| WORK ITEM |
Apart from the pictures, every line below is to be set down exactly.

| PROVIDED DATA |

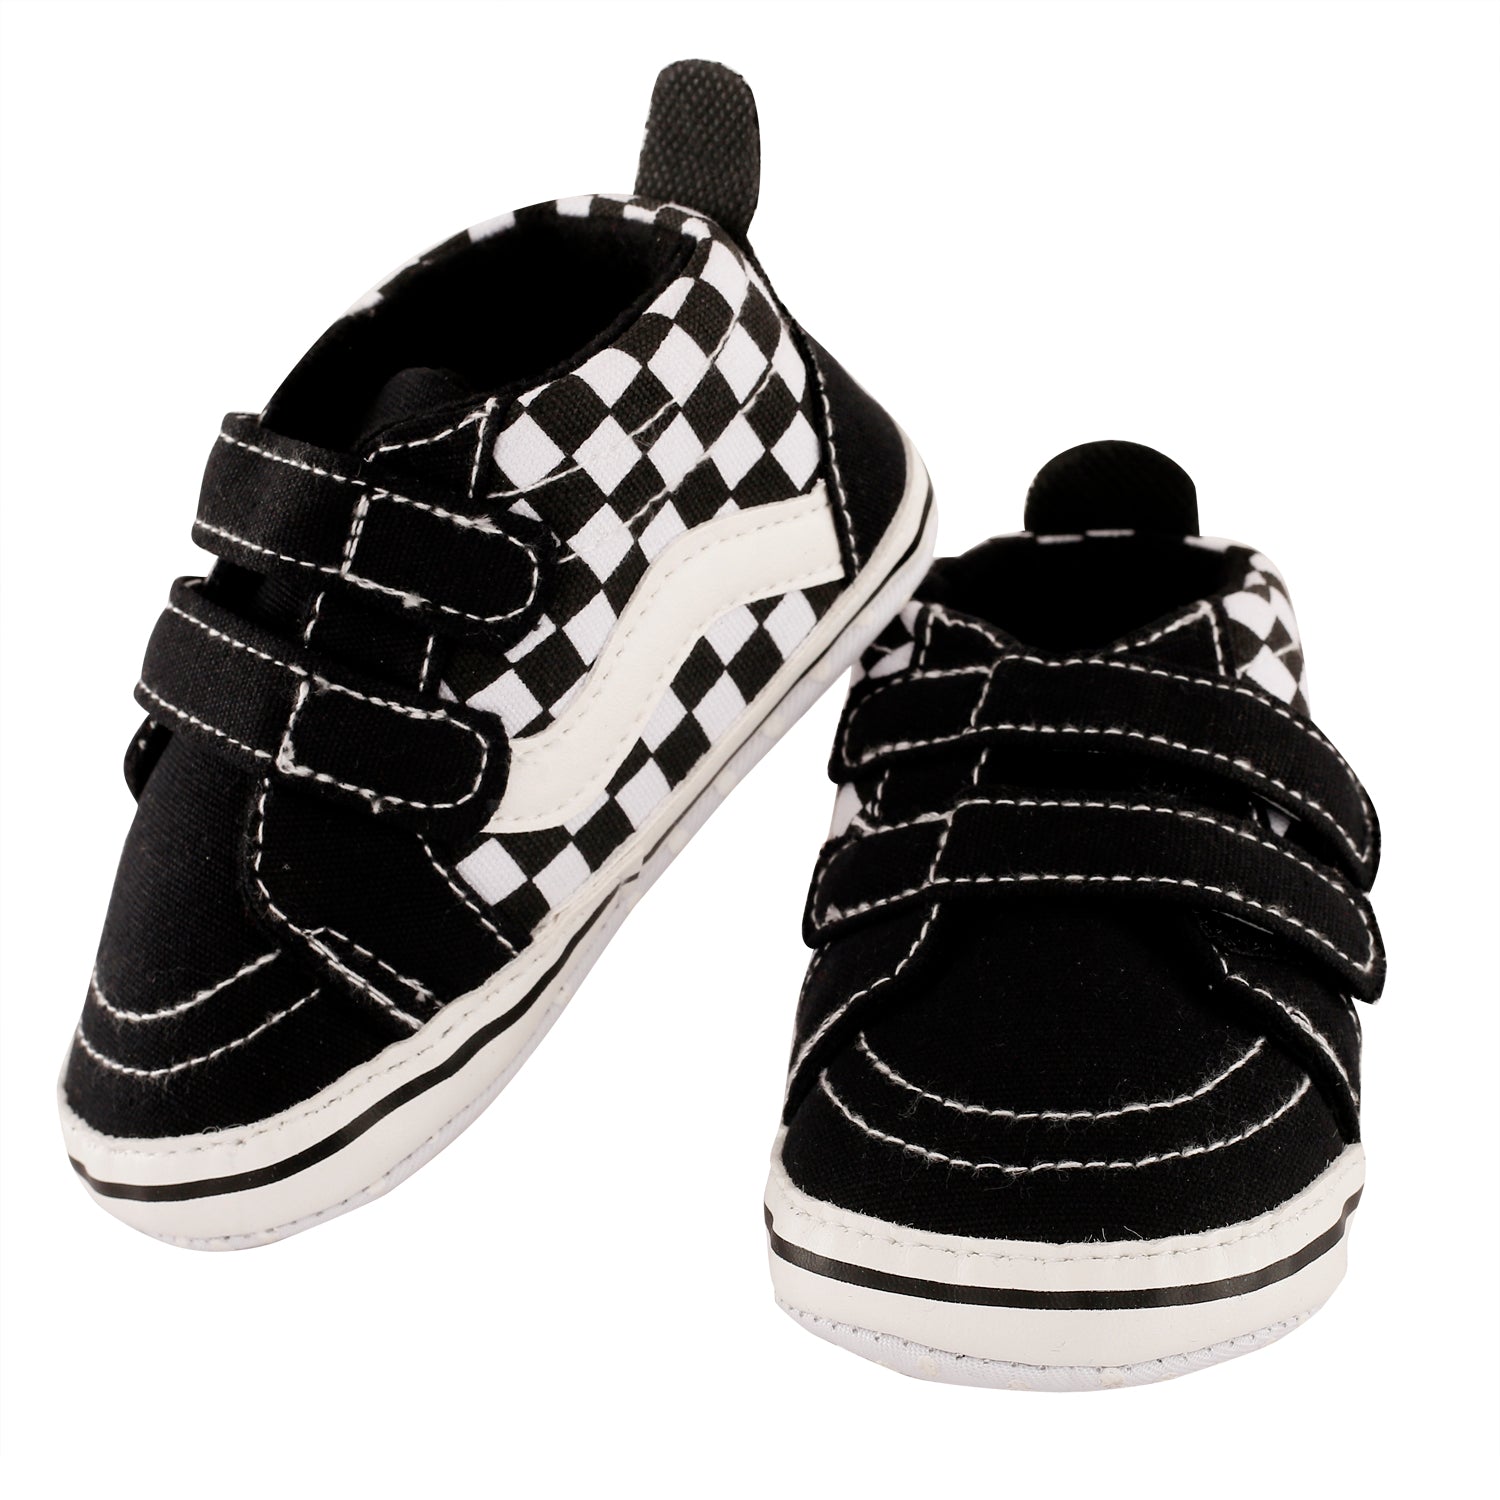 Chequered Black Casual Booties - Baby Moo
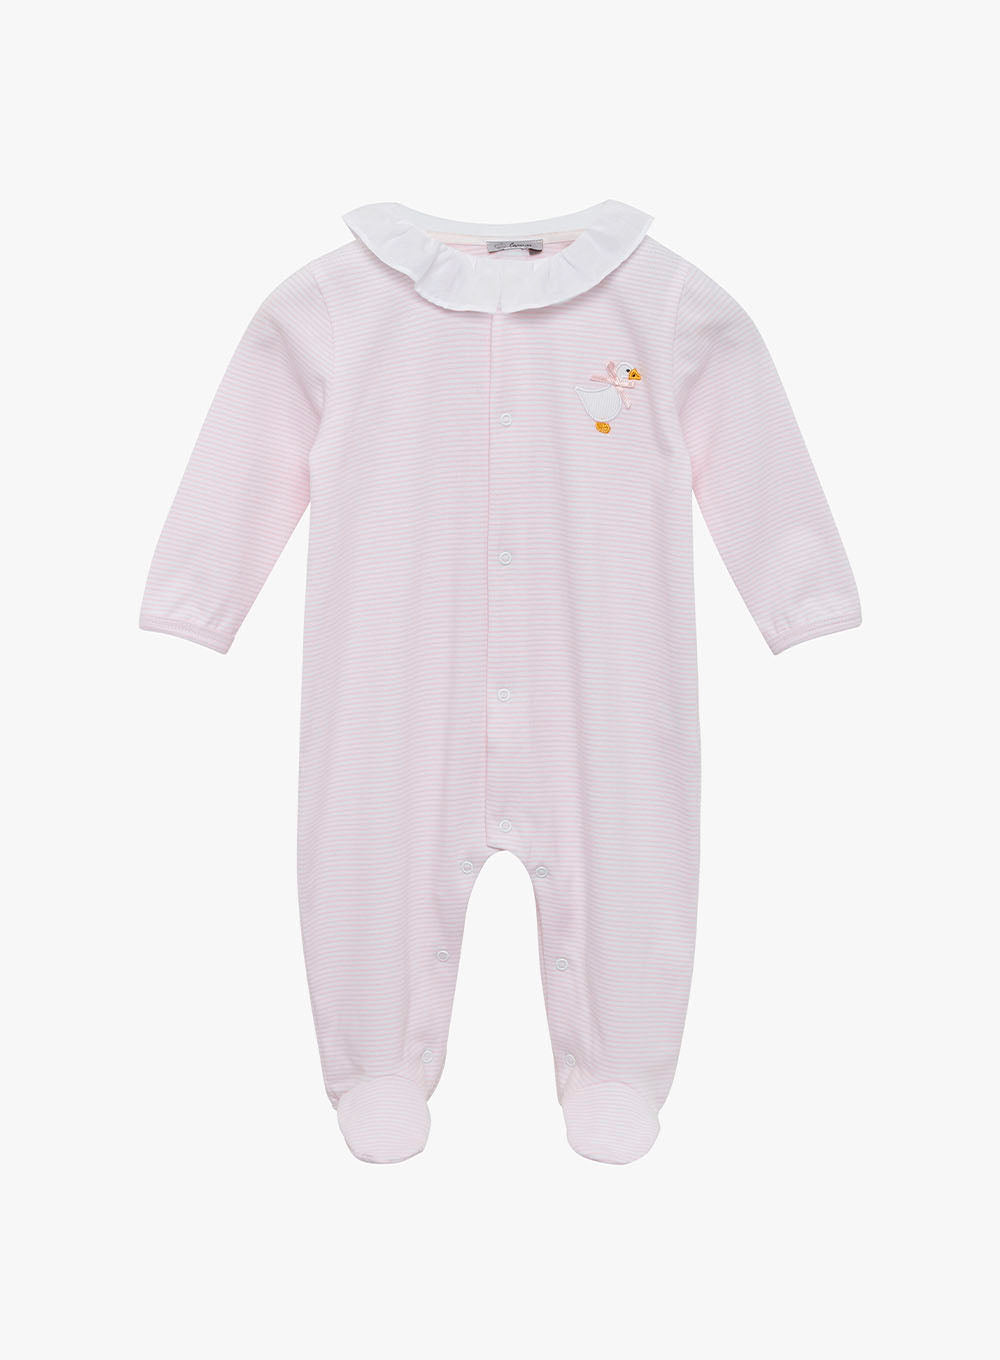 Baby Jemima Duck All-in-One Sleepsuit in Pink | Trotters
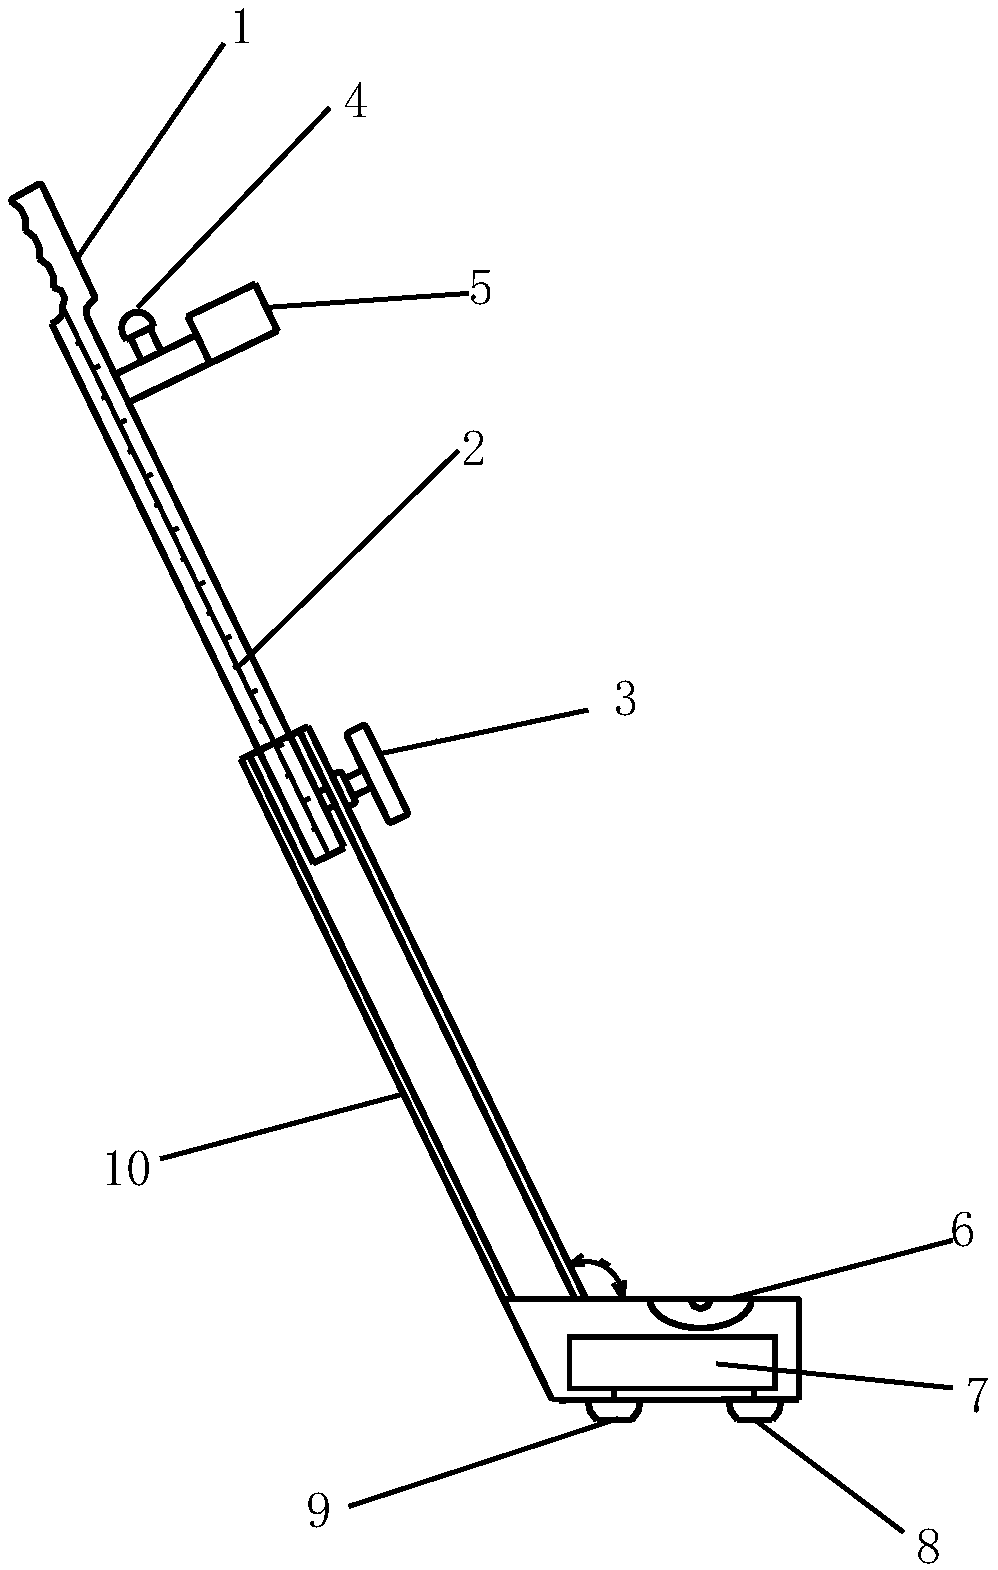 Water depth measurement device and method

| TASK RESULT |
 Chequered Black Casual Booties - Baby Moo
 Baby Jemima Duck All-in-One Sleepsuit in Pink | Trotters
 Water depth measurement device and method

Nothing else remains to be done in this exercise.